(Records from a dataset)
▬▬▬▬▬▬▬▬▬▬

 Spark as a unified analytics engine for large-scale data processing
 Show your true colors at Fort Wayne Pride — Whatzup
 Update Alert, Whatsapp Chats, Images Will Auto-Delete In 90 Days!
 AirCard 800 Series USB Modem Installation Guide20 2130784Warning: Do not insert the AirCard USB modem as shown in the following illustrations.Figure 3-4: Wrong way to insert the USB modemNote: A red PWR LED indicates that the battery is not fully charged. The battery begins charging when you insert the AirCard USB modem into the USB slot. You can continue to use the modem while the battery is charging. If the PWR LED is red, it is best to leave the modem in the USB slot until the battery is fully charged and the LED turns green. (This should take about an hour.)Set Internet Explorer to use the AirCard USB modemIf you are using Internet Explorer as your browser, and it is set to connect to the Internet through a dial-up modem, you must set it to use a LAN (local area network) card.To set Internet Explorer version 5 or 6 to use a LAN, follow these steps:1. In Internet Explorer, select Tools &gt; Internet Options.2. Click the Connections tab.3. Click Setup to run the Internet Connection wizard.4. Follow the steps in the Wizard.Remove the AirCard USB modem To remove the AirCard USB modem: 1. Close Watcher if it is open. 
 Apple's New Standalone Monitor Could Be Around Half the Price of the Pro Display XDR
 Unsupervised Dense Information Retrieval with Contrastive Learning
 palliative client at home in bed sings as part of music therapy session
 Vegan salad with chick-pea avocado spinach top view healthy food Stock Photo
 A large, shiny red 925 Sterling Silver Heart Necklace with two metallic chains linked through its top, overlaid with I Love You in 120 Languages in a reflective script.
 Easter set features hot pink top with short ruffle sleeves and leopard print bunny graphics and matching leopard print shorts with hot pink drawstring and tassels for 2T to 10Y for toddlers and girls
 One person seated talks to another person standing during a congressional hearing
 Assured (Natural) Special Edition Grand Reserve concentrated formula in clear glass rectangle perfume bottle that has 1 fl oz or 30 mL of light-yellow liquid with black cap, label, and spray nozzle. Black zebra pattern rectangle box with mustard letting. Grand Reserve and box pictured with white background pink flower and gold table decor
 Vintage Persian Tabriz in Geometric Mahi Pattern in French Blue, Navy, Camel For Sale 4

▬▬▬▬▬▬▬▬▬▬

- Task prompt -
Every entry above should be transcribed exactly as it appears.

- Result of this task -
 Spark as a unified analytics engine for large-scale data processing
 Show your true colors at Fort Wayne Pride — Whatzup
 Update Alert, Whatsapp Chats, Images Will Auto-Delete In 90 Days!
 AirCard 800 Series USB Modem Installation Guide20 2130784Warning: Do not insert the AirCard USB modem as shown in the following illustrations.Figure 3-4: Wrong way to insert the USB modemNote: A red PWR LED indicates that the battery is not fully charged. The battery begins charging when you insert the AirCard USB modem into the USB slot. You can continue to use the modem while the battery is charging. If the PWR LED is red, it is best to leave the modem in the USB slot until the battery is fully charged and the LED turns green. (This should take about an hour.)Set Internet Explorer to use the AirCard USB modemIf you are using Internet Explorer as your browser, and it is set to connect to the Internet through a dial-up modem, you must set it to use a LAN (local area network) card.To set Internet Explorer version 5 or 6 to use a LAN, follow these steps:1. In Internet Explorer, select Tools &gt; Internet Options.2. Click the Connections tab.3. Click Setup to run the Internet Connection wizard.4. Follow the steps in the Wizard.Remove the AirCard USB modem To remove the AirCard USB modem: 1. Close Watcher if it is open. 
 Apple's New Standalone Monitor Could Be Around Half the Price of the Pro Display XDR
 Unsupervised Dense Information Retrieval with Contrastive Learning
 palliative client at home in bed sings as part of music therapy session
 Vegan salad with chick-pea avocado spinach top view healthy food Stock Photo
 A large, shiny red 925 Sterling Silver Heart Necklace with two metallic chains linked through its top, overlaid with I Love You in 120 Languages in a reflective script.
 Easter set features hot pink top with short ruffle sleeves and leopard print bunny graphics and matching leopard print shorts with hot pink drawstring and tassels for 2T to 10Y for toddlers and girls
 One person seated talks to another person standing during a congressional hearing
 Assured (Natural) Special Edition Grand Reserve concentrated formula in clear glass rectangle perfume bottle that has 1 fl oz or 30 mL of light-yellow liquid with black cap, label, and spray nozzle. Black zebra pattern rectangle box with mustard letting. Grand Reserve and box pictured with white background pink flower and gold table decor
 Vintage Persian Tabriz in Geometric Mahi Pattern in French Blue, Navy, Camel For Sale 4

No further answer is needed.